▶ Recorded information:
━━━━━━━━━━━━━━━━
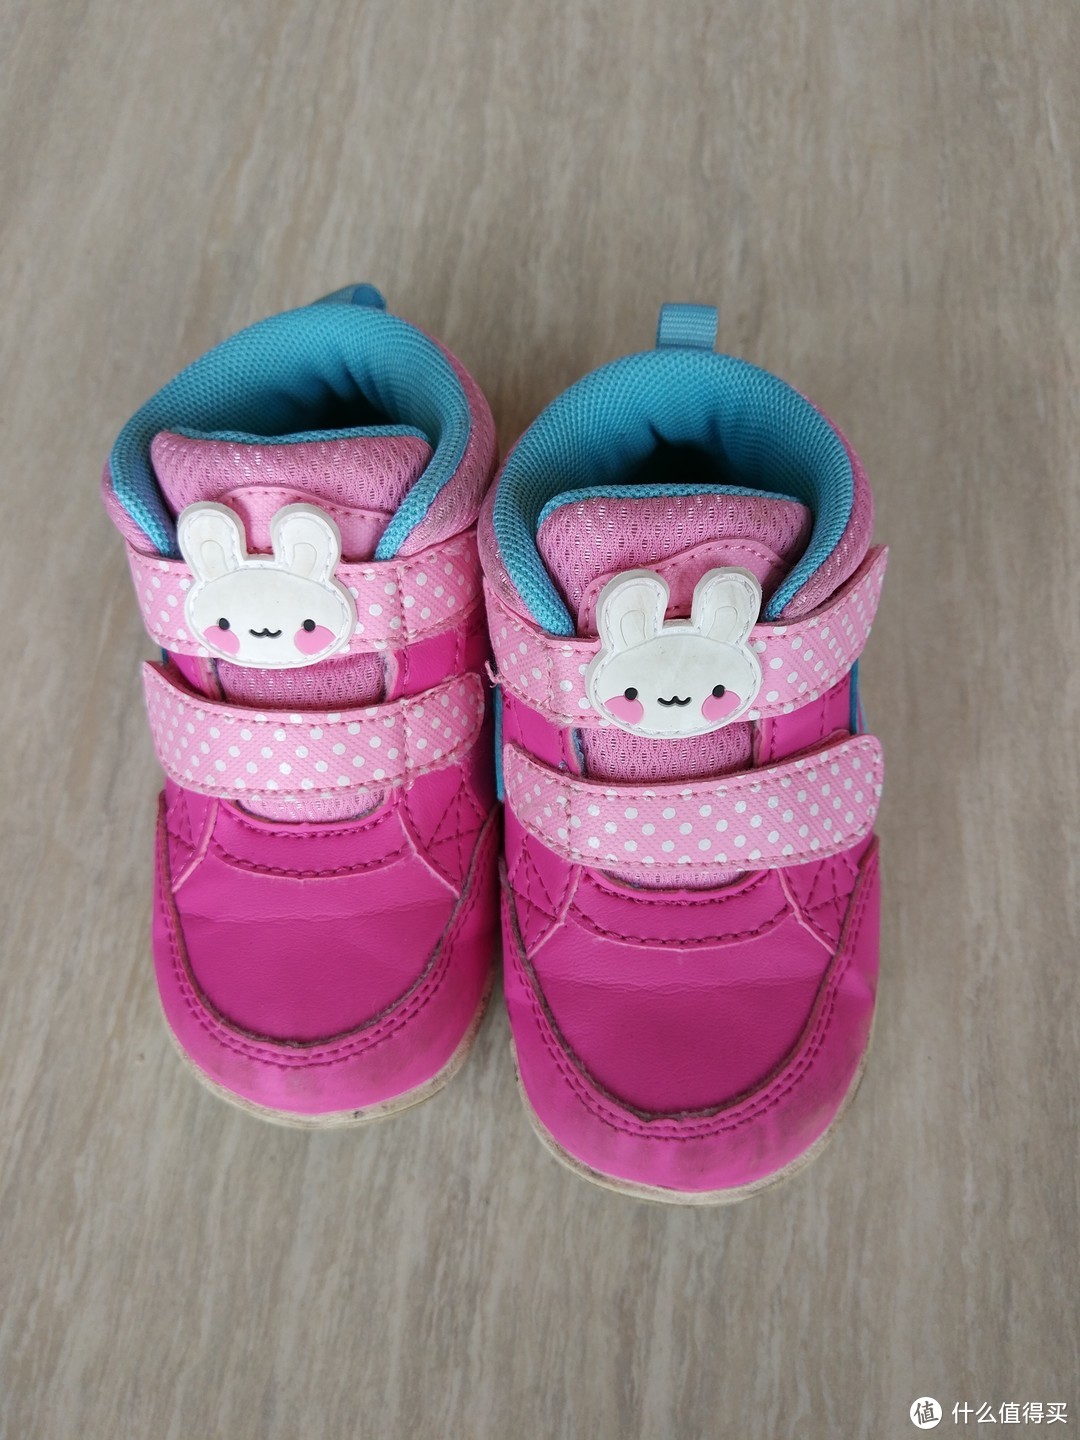 季度小结—宝宝最爱的故事型绘本和常穿的鞋
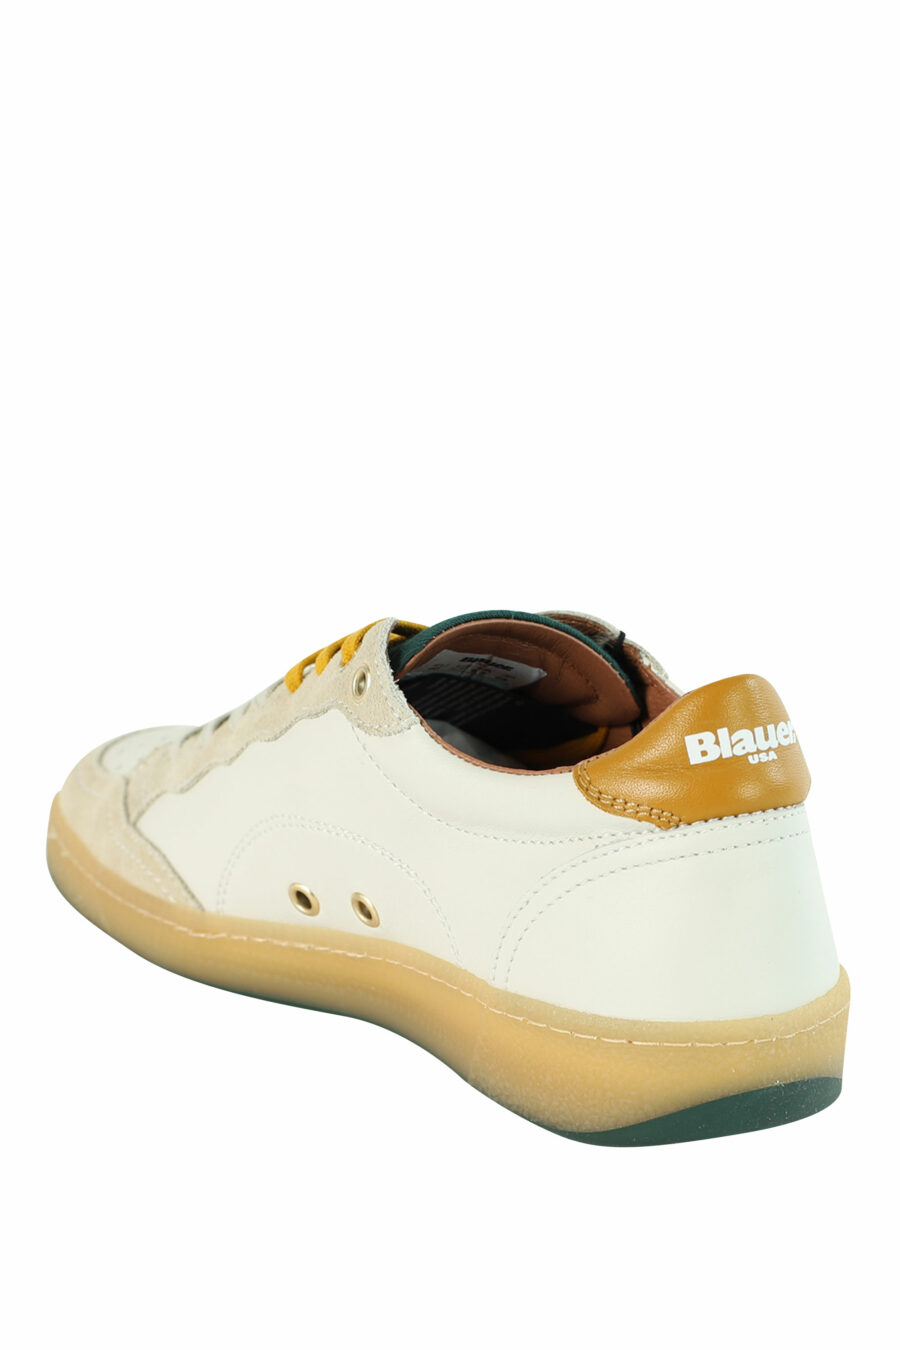 Zapatillas "MURRAY" blancas con detalles verdes y amarillos - 8058156497566 4
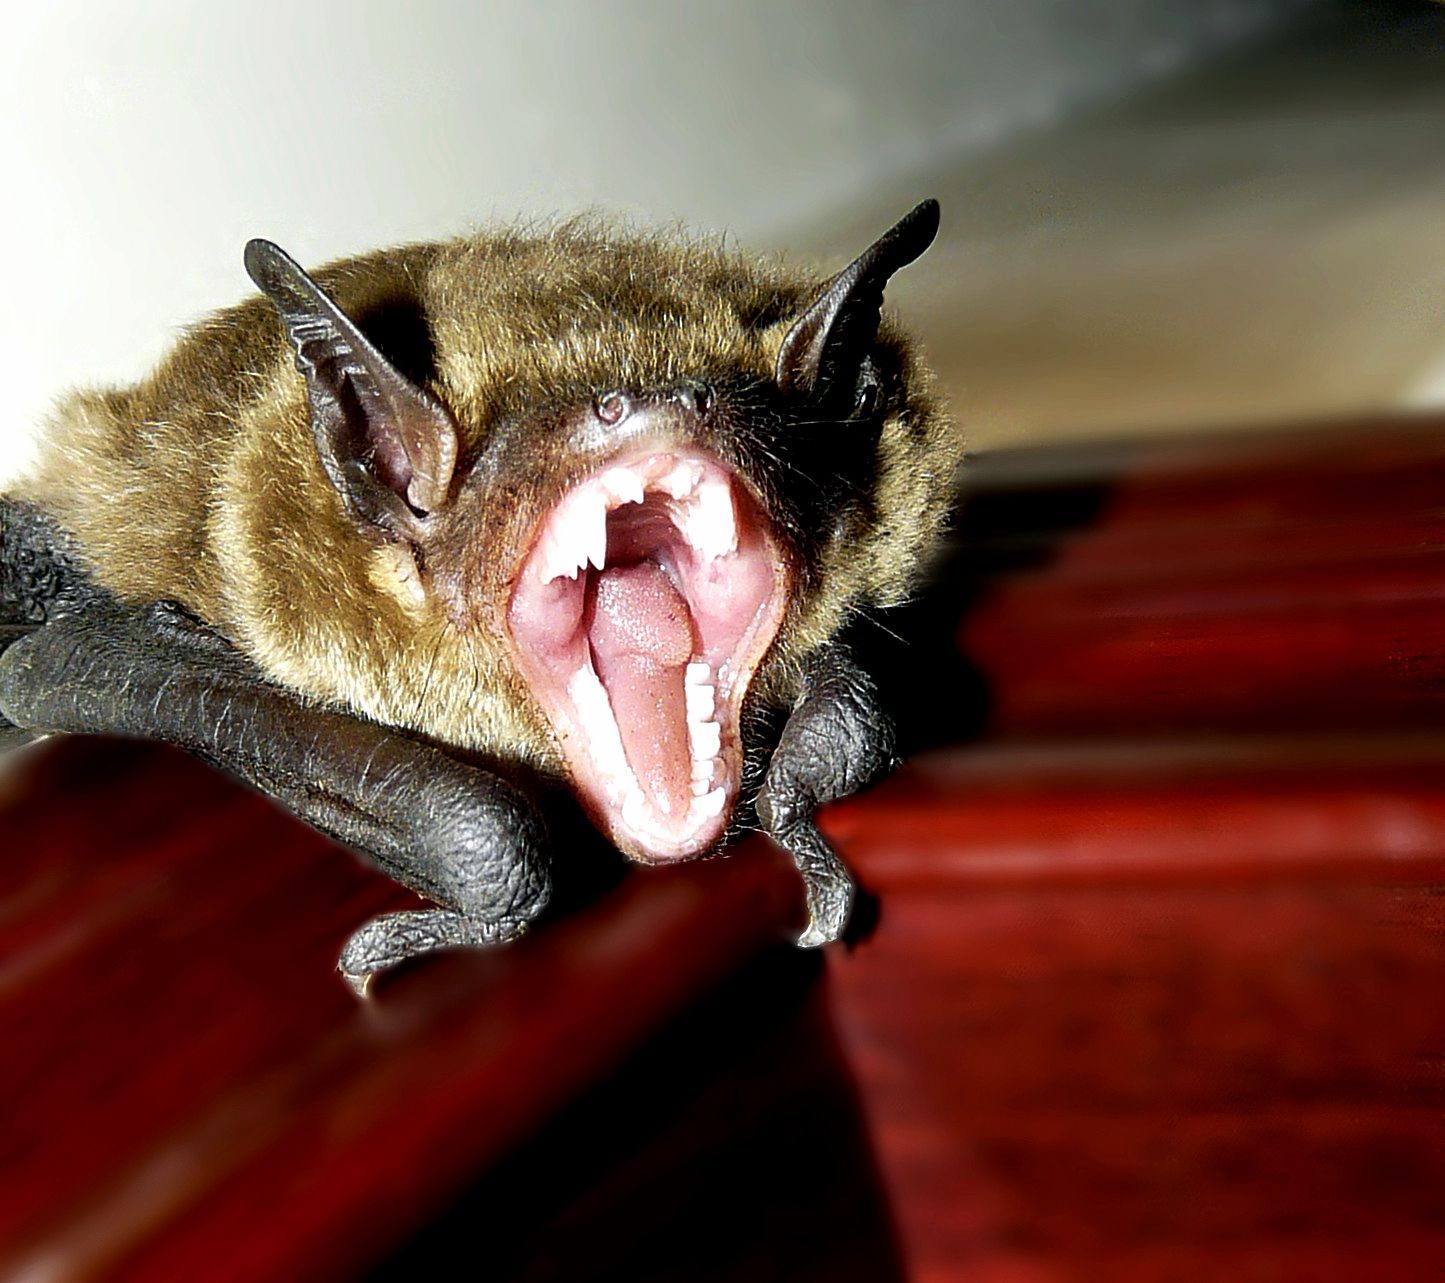 澳洲维多利亚野生动物园 蝙蝠宝宝萌态十足_博览_环球网
━━━━━━━━━━━━━━━━
▶ Task instructions: Type the lines above out again exactly as they appear, skipping every picture.

▶ Solved problem:
 季度小结—宝宝最爱的故事型绘本和常穿的鞋
 Zapatillas "MURRAY" blancas con detalles verdes y amarillos - 8058156497566 4
 澳洲维多利亚野生动物园 蝙蝠宝宝萌态十足_博览_环球网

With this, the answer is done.